“May the roof over your head be always strong. And may you be in heaven half an hour before the devil knows you’re dead.” (An Old Irish Blessing)

I joined the US Navy at age 23, which made me one of, in not ‘the’, oldest guy in my boot camp training group. Unlike the US Marine Corps, Navy Boot Camp, due mostly to the hot and morbidly humid Orlando Summers, was more psychological conditioning than physical. Think of it as an exercise in training the young male psyche to think and perform more like a team member than an individual. Even the name “Shipmates” (we were told to call one another) denotes being part of something bigger than self.

Navy boot camp was learning to follow routines and paying attention to detail; like how to fold underwear so it fits in a tiny metal locker drawer. The Company Commanders held frequent inspections to ensure all shipmates were on the same page, and if not in line, rigorous indoor physical conditioning would be met to those out of sync.

You may be asking yourself: “How hard can it be to fold underwear for crying out loud?” You’d be surprised to learn most of the thirty or so shipmates could not do so correctly.

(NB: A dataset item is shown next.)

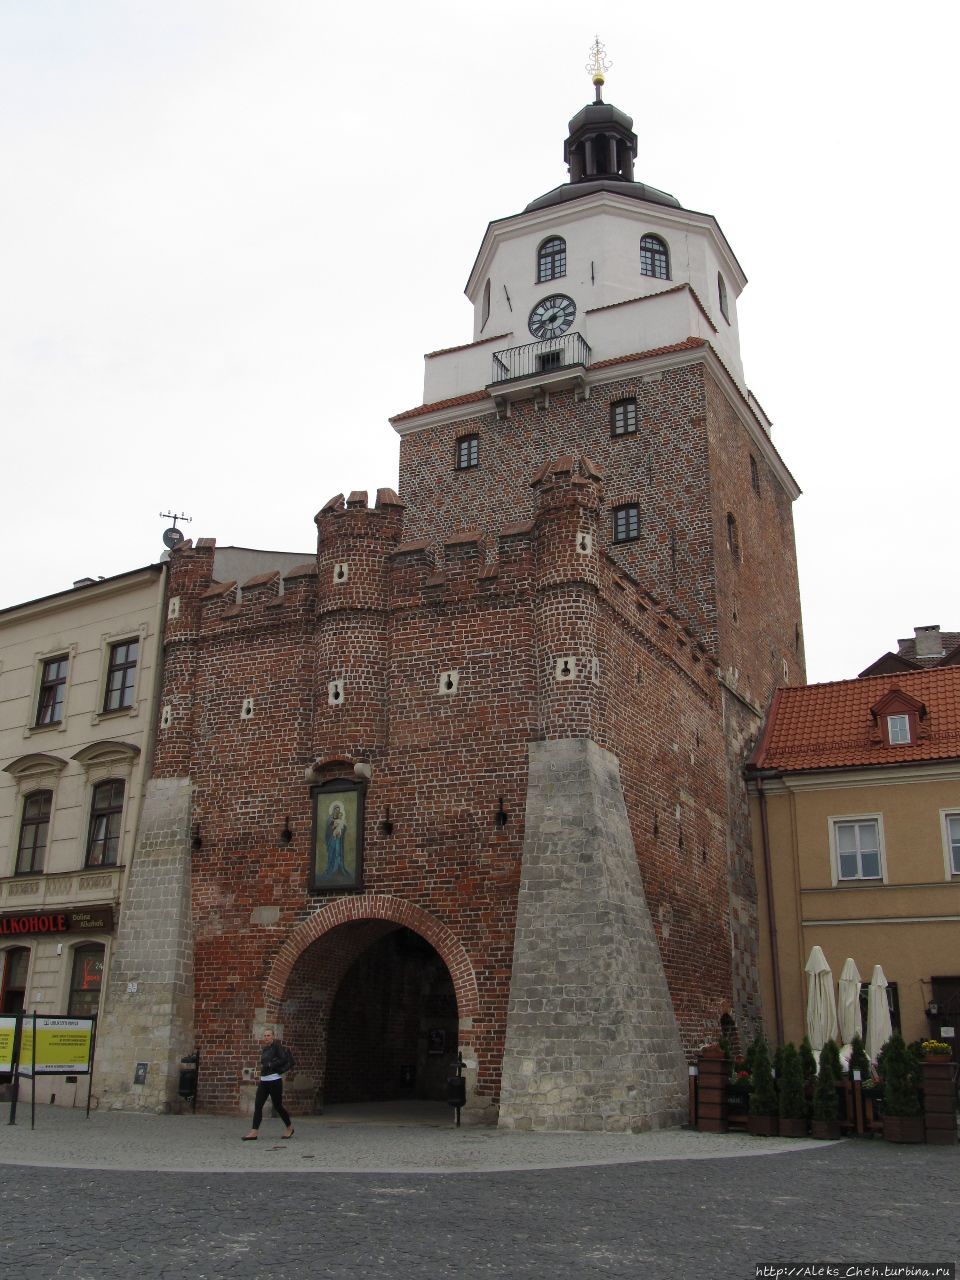 Brama Krakowska — один из символов города Люблин, Польша

To both my relief and a sorrow, for the other guys being grilled with pushups and squat-thrust exercises, there I sat in the TV room (like I said, Navy was not like the USMC) with another five compliant souls who had a perfectly folded underwear drawer.

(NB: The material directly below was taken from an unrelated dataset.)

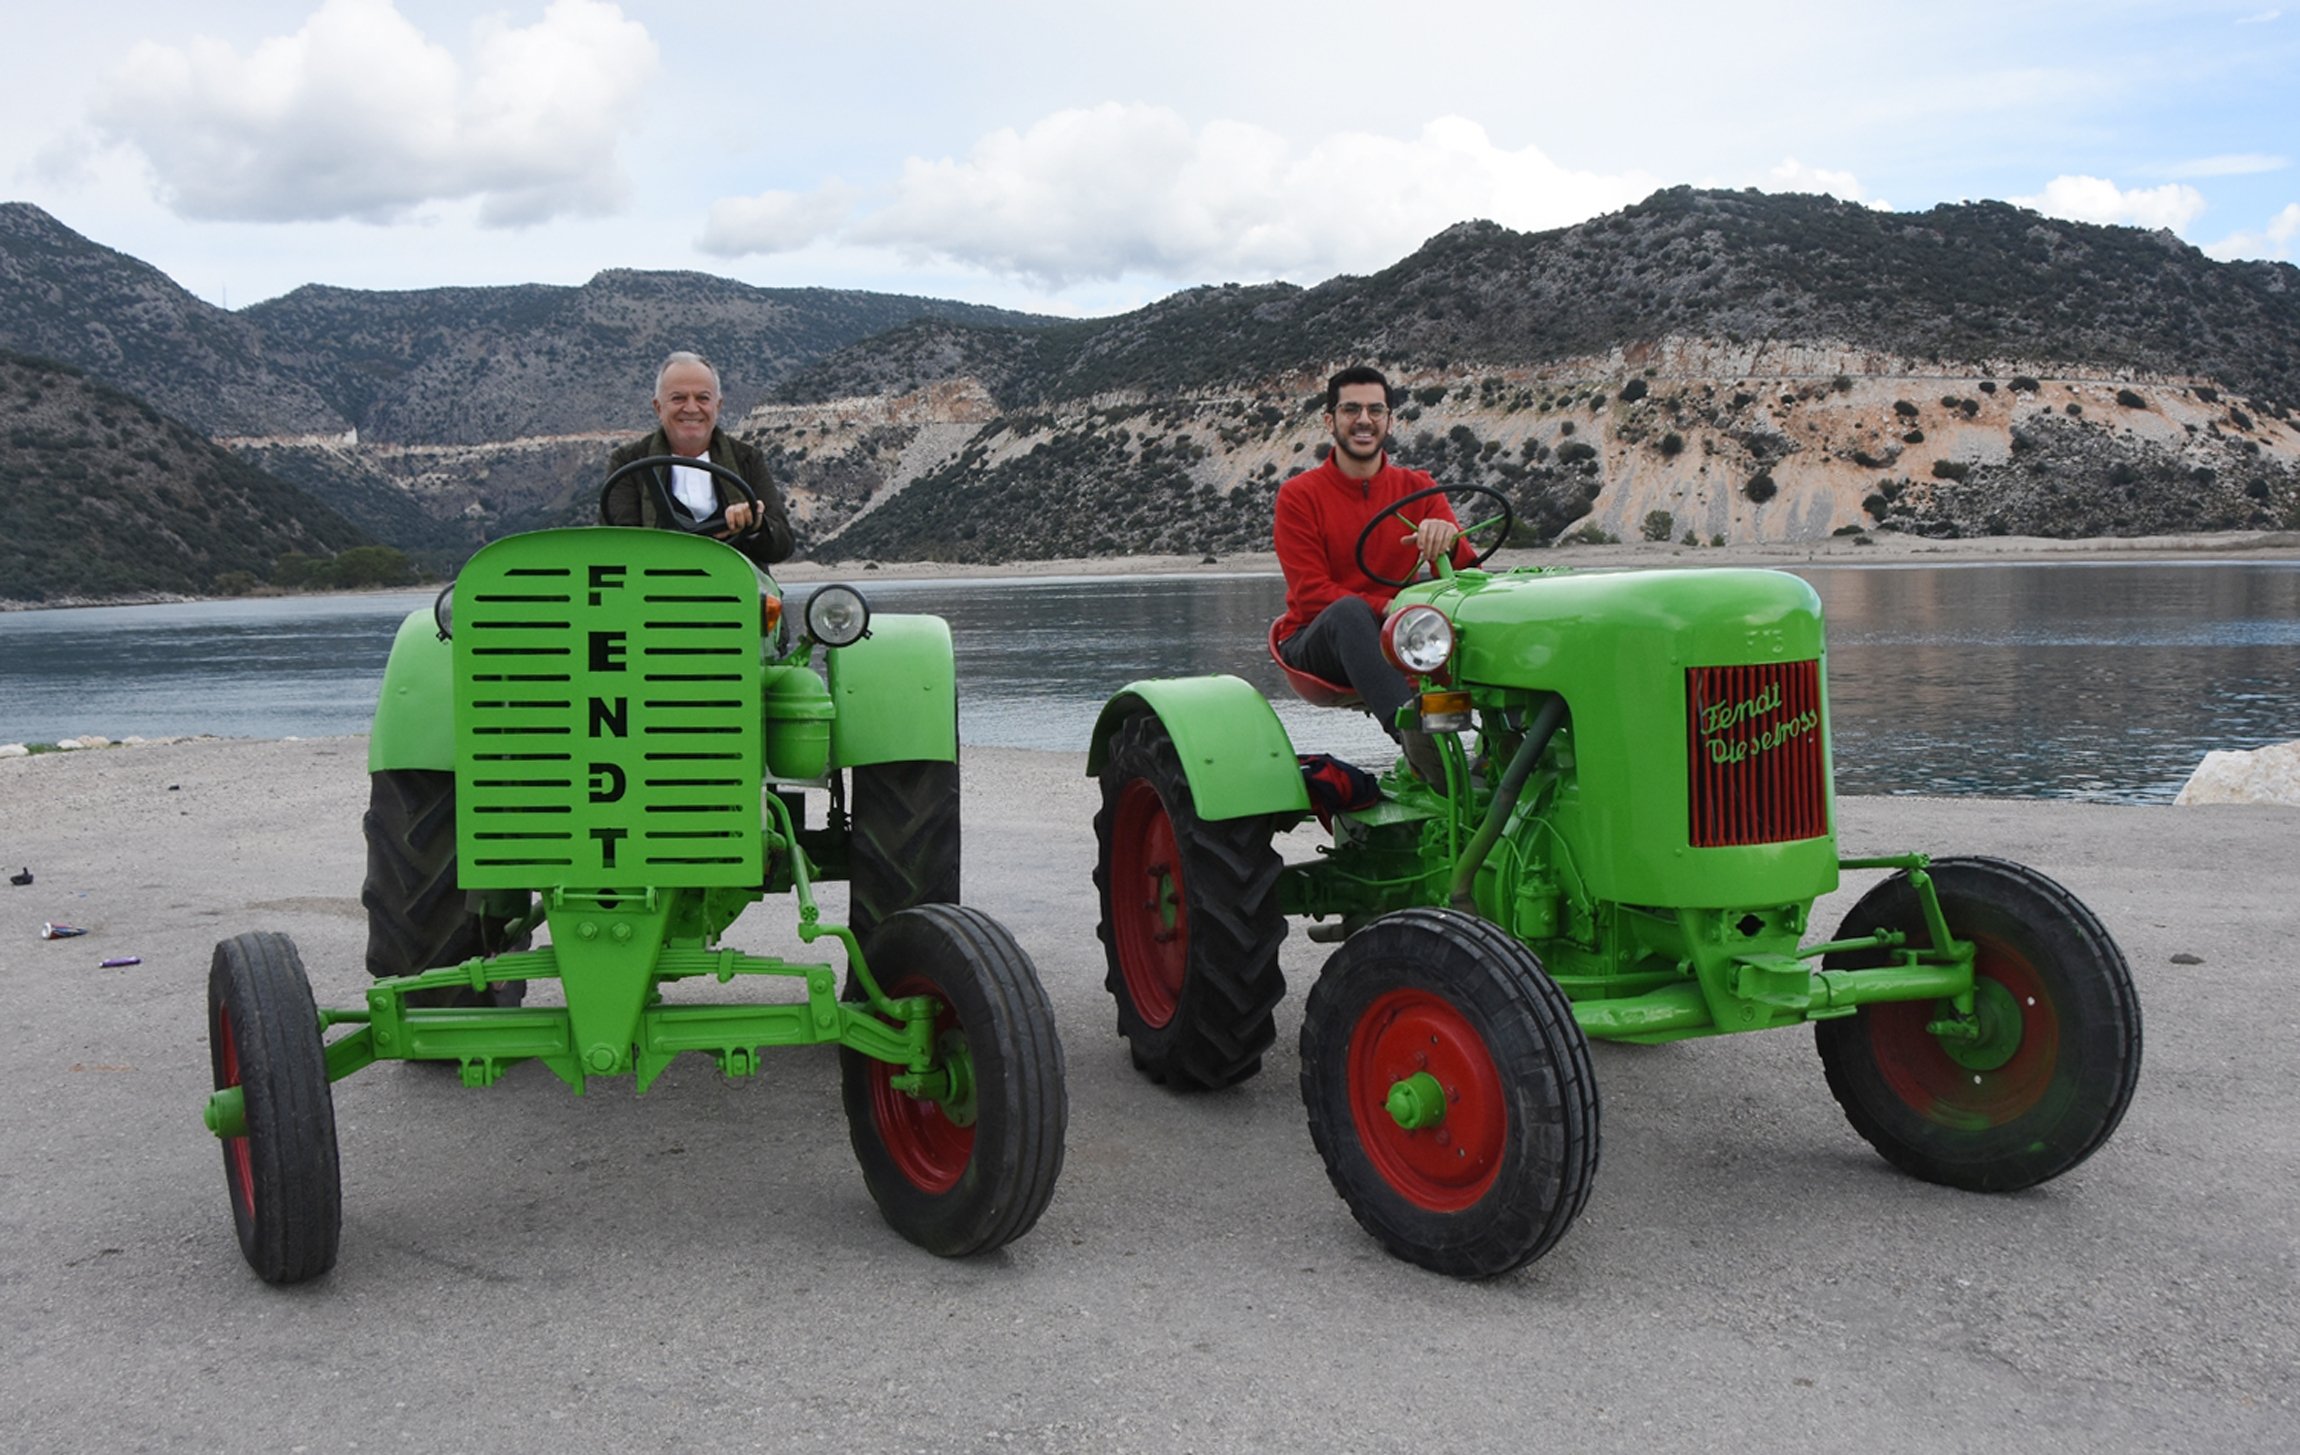 Mehmet Bayraktaroğlu dan putranya Hüseyin duduk di atas traktor merek Fendt Dieselross yang telah dipugar dan beroperasi sepenuhnya dari tahun 1952 dan 1950, Antalya, Turki selatan, 20 Desember 2021. (Foto DHA)

To be perfectly honest, from my peripheral view of shipmates lined up to the left, right and across of me, I couldn’t see their infraction and was forced to ask myself:

“Why me? Why was I chosen to pass?” Being a naturally analytical person, I was trying to figure out what I did right, so I could do it again; or, God forbid, and just in case the Company Commanders made a mistake, they don’t discover their mistake next time. Was my success real or did I cunningly disguise my flaw? Was it a lie?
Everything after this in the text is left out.